- Born: 5 August 1866 (baptized) Mereworth
- Died: 24 November 1923 (aged 57) Bath, Somerset
- Occupation(s): civil engineering, Egyptology
- Known for: Fraser Tombs
- Parent(s): Sir Thomas Fraser and Matilda Wildman

= George Willoughby Fraser =

English civil engineer

George Willoughby Fraser (baptized 5 August 1866 – 24 November 1923) was an English civil engineer who operated at the service of the Egypt Exploration Fund. His parents were Sir Thomas Fraser and Matilda Wildman.
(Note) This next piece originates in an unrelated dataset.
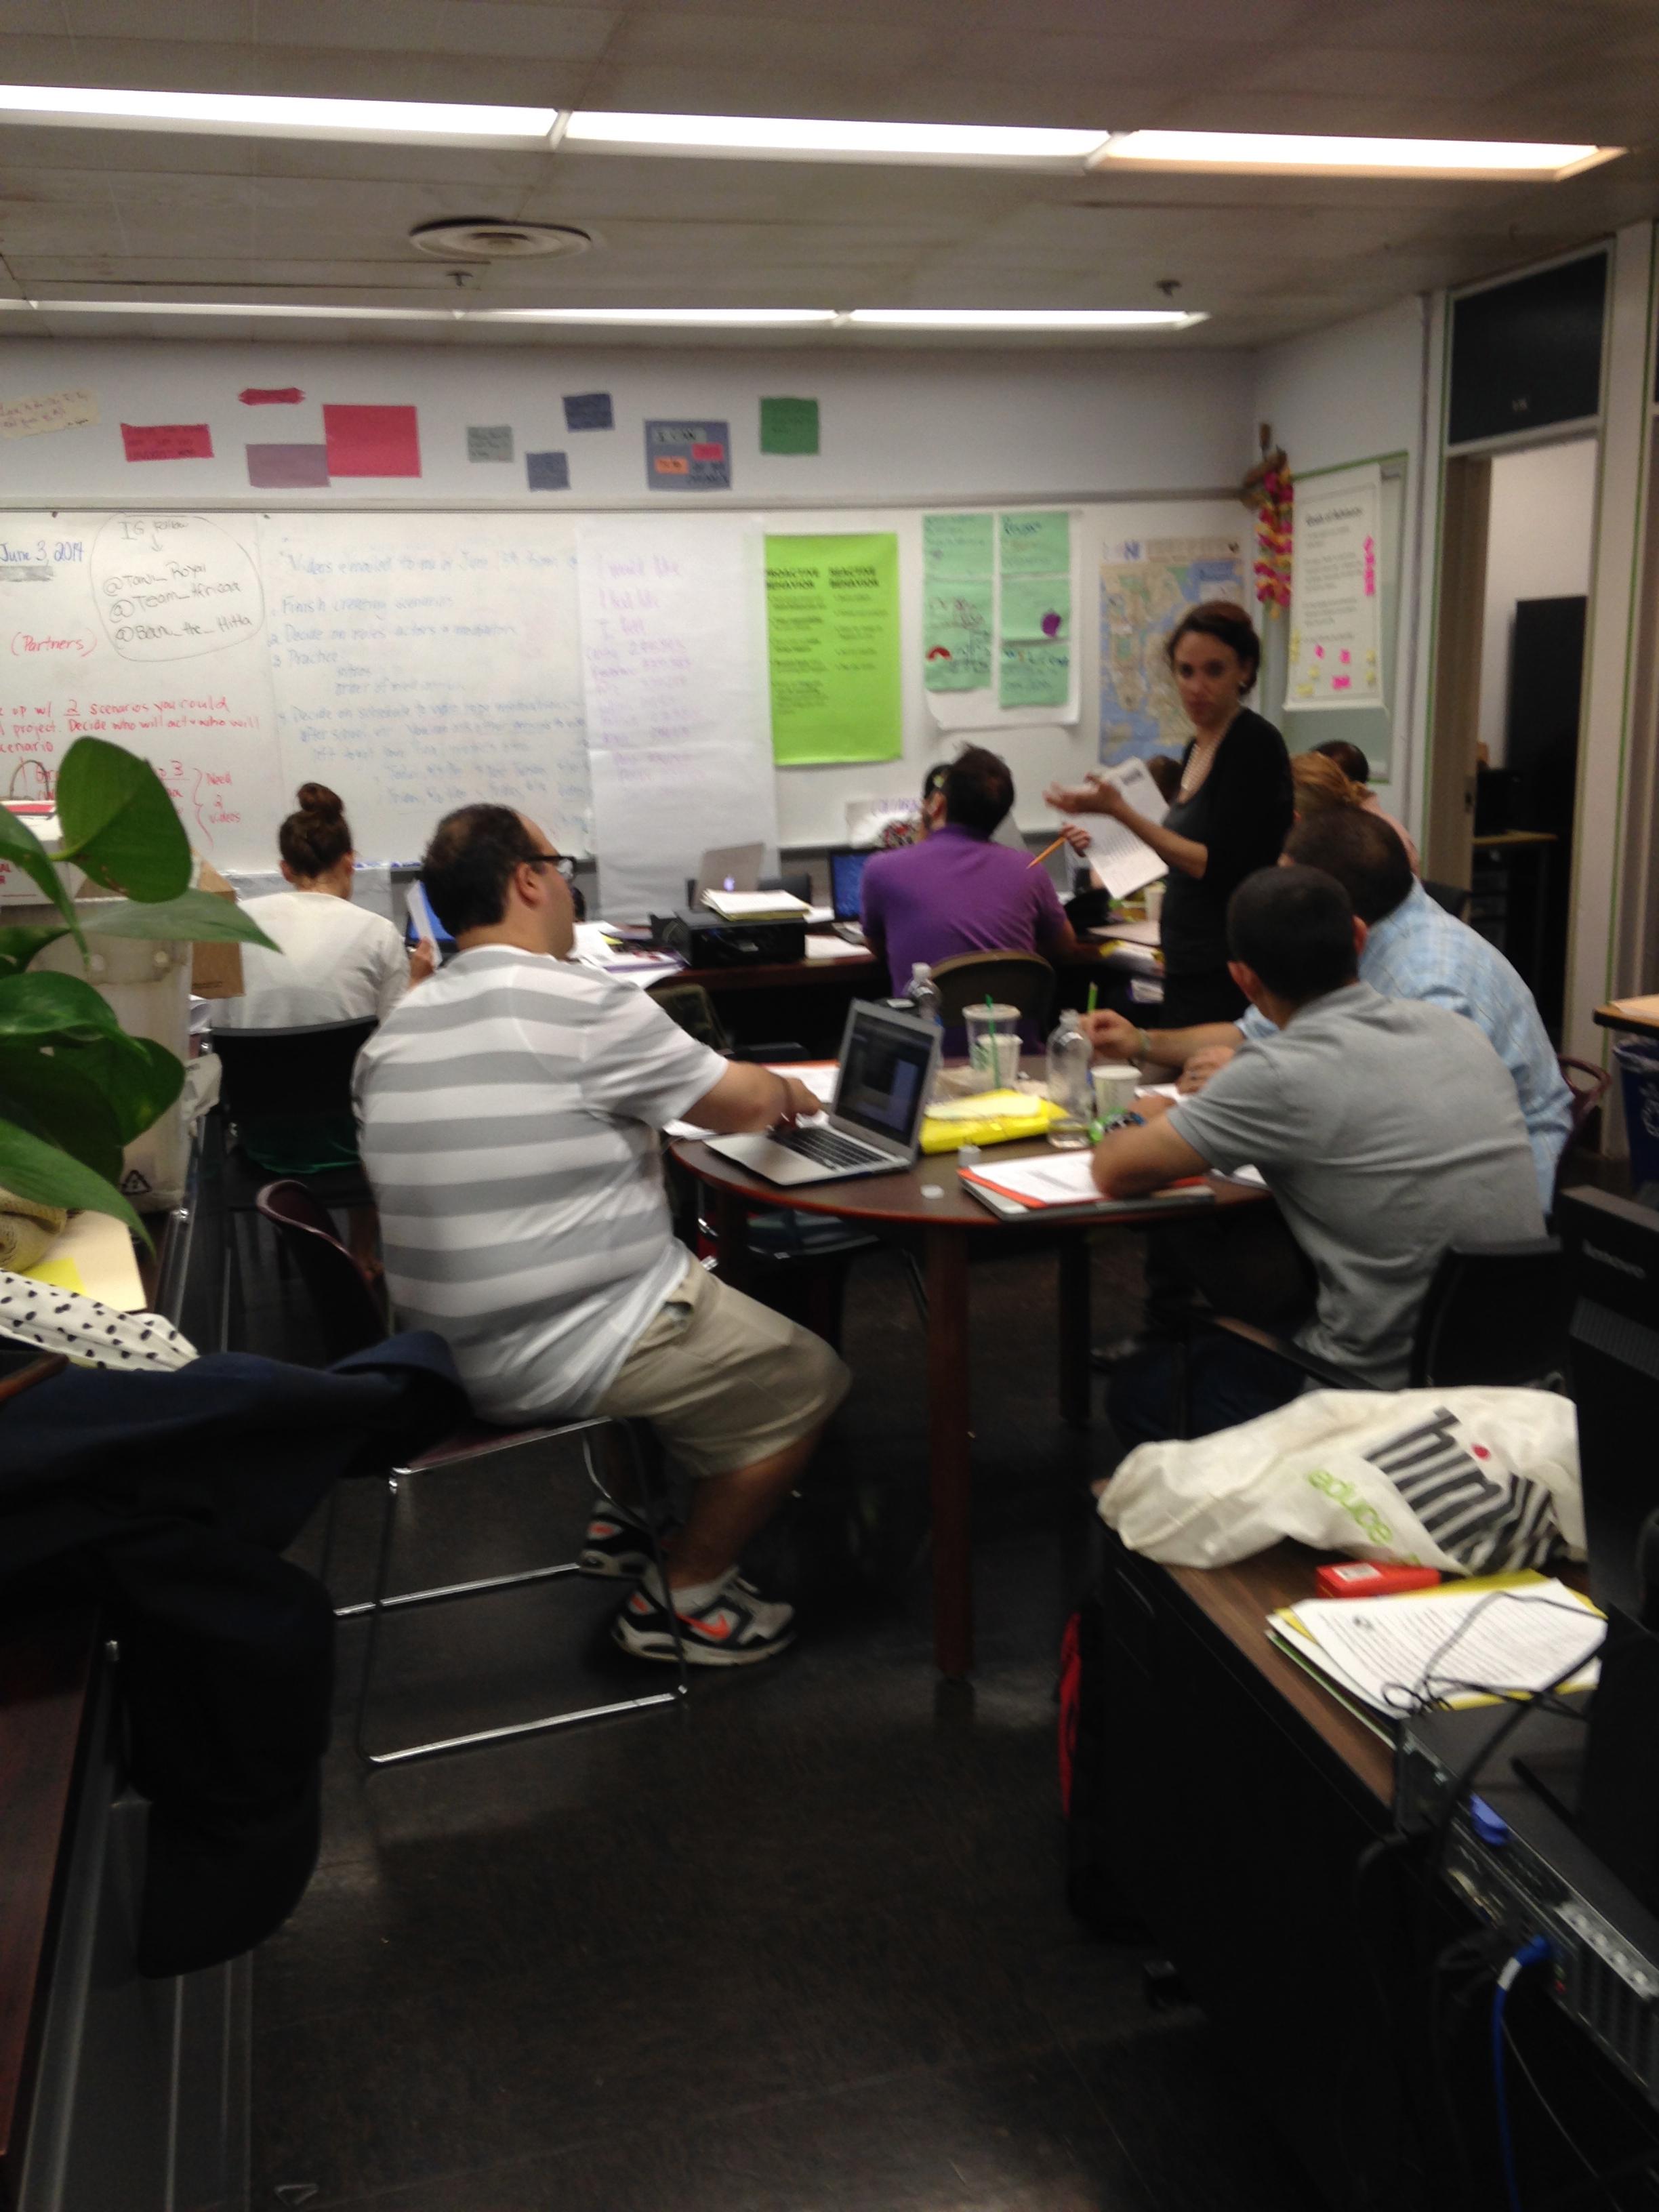 Teachers hard at work in the main office.

As part of his work for the Egypt Exploration Fund, he worked as a draftsman in the excavations conducted by Sir Flinders Petrie, Percy Edward Newberry and Marcus Worsley Blackden in the Faiyum, in Beni Hasan, in Deir el-Bersha and in the quarries of Hatnub. Less well known is his description of the burial ground dating to the 4th and 5th dynasties, two kilometers south of Tuna el-Gebel, later renamed Fraser Tombs in his honor.

==Significant works==
- "Mr. G. Willoughby Fraser's Report on the Survey of the Wady Dêr en-Nakhleh", in: Francis L. Griffith, Percy E. Newberry, El Bersheh Part 2. Egypt Exploration Fund u. a., London 1895, pp. 55–66.
- A catalogue of the scarabs belonging to George Fraser. London 1900.
- "The early tombs at Tehneh", in Annales du Service des Antiquités de l'Égypte 3, 1902, , pp. 67–76, 122–130, 5 plates.